[[ Recorded data, beginning ]]

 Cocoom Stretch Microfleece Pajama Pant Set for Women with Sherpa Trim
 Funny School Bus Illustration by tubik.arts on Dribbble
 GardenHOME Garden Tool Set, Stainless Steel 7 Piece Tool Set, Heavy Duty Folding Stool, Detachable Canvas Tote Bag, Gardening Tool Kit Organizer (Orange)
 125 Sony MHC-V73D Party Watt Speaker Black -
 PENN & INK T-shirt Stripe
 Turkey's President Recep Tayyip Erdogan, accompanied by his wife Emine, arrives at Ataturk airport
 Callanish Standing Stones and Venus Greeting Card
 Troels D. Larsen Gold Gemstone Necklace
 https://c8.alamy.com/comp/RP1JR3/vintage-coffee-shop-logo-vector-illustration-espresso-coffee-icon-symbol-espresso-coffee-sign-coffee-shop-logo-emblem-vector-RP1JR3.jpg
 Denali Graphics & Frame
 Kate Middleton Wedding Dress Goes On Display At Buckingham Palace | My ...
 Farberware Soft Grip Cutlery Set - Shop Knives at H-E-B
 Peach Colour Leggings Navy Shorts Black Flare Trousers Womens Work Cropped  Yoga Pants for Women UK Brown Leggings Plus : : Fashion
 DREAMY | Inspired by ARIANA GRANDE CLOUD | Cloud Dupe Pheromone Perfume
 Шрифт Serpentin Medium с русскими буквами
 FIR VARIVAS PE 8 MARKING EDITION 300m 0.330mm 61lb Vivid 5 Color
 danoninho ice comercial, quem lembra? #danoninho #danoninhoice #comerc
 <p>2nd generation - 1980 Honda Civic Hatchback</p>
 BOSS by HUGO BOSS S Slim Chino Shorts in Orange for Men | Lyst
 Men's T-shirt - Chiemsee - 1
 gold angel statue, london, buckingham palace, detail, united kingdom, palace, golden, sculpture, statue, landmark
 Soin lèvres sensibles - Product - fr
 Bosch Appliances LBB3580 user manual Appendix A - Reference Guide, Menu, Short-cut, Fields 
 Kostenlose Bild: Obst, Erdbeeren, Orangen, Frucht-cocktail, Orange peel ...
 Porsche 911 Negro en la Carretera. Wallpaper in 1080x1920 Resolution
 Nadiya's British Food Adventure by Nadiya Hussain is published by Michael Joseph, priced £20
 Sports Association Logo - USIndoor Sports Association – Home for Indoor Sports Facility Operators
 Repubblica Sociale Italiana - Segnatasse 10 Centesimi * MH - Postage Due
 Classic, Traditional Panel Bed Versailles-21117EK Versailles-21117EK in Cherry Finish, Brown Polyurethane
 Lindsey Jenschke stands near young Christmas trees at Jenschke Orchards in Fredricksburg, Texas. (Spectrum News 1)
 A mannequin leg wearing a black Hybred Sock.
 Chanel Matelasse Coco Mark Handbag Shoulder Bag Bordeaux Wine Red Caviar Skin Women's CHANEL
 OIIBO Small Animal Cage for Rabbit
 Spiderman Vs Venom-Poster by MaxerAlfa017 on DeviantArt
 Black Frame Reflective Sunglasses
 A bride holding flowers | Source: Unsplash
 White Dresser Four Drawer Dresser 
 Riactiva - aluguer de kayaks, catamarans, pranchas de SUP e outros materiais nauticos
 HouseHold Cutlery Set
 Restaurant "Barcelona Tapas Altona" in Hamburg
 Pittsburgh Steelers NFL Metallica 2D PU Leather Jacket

[[ Recorded data, end ]]

■ Description of the task
Nothing beyond the line containing "danoninho ice comercial, quem" is to be output; the lines above, from the first one onward to that line, are to be transcribed exactly.

■ Completed exercise
 Cocoom Stretch Microfleece Pajama Pant Set for Women with Sherpa Trim
 Funny School Bus Illustration by tubik.arts on Dribbble
 GardenHOME Garden Tool Set, Stainless Steel 7 Piece Tool Set, Heavy Duty Folding Stool, Detachable Canvas Tote Bag, Gardening Tool Kit Organizer (Orange)
 125 Sony MHC-V73D Party Watt Speaker Black -
 PENN & INK T-shirt Stripe
 Turkey's President Recep Tayyip Erdogan, accompanied by his wife Emine, arrives at Ataturk airport
 Callanish Standing Stones and Venus Greeting Card
 Troels D. Larsen Gold Gemstone Necklace
 https://c8.alamy.com/comp/RP1JR3/vintage-coffee-shop-logo-vector-illustration-espresso-coffee-icon-symbol-espresso-coffee-sign-coffee-shop-logo-emblem-vector-RP1JR3.jpg
 Denali Graphics & Frame
 Kate Middleton Wedding Dress Goes On Display At Buckingham Palace | My ...
 Farberware Soft Grip Cutlery Set - Shop Knives at H-E-B
 Peach Colour Leggings Navy Shorts Black Flare Trousers Womens Work Cropped  Yoga Pants for Women UK Brown Leggings Plus : : Fashion
 DREAMY | Inspired by ARIANA GRANDE CLOUD | Cloud Dupe Pheromone Perfume
 Шрифт Serpentin Medium с русскими буквами
 FIR VARIVAS PE 8 MARKING EDITION 300m 0.330mm 61lb Vivid 5 Color
 danoninho ice comercial, quem lembra? #danoninho #danoninhoice #comerc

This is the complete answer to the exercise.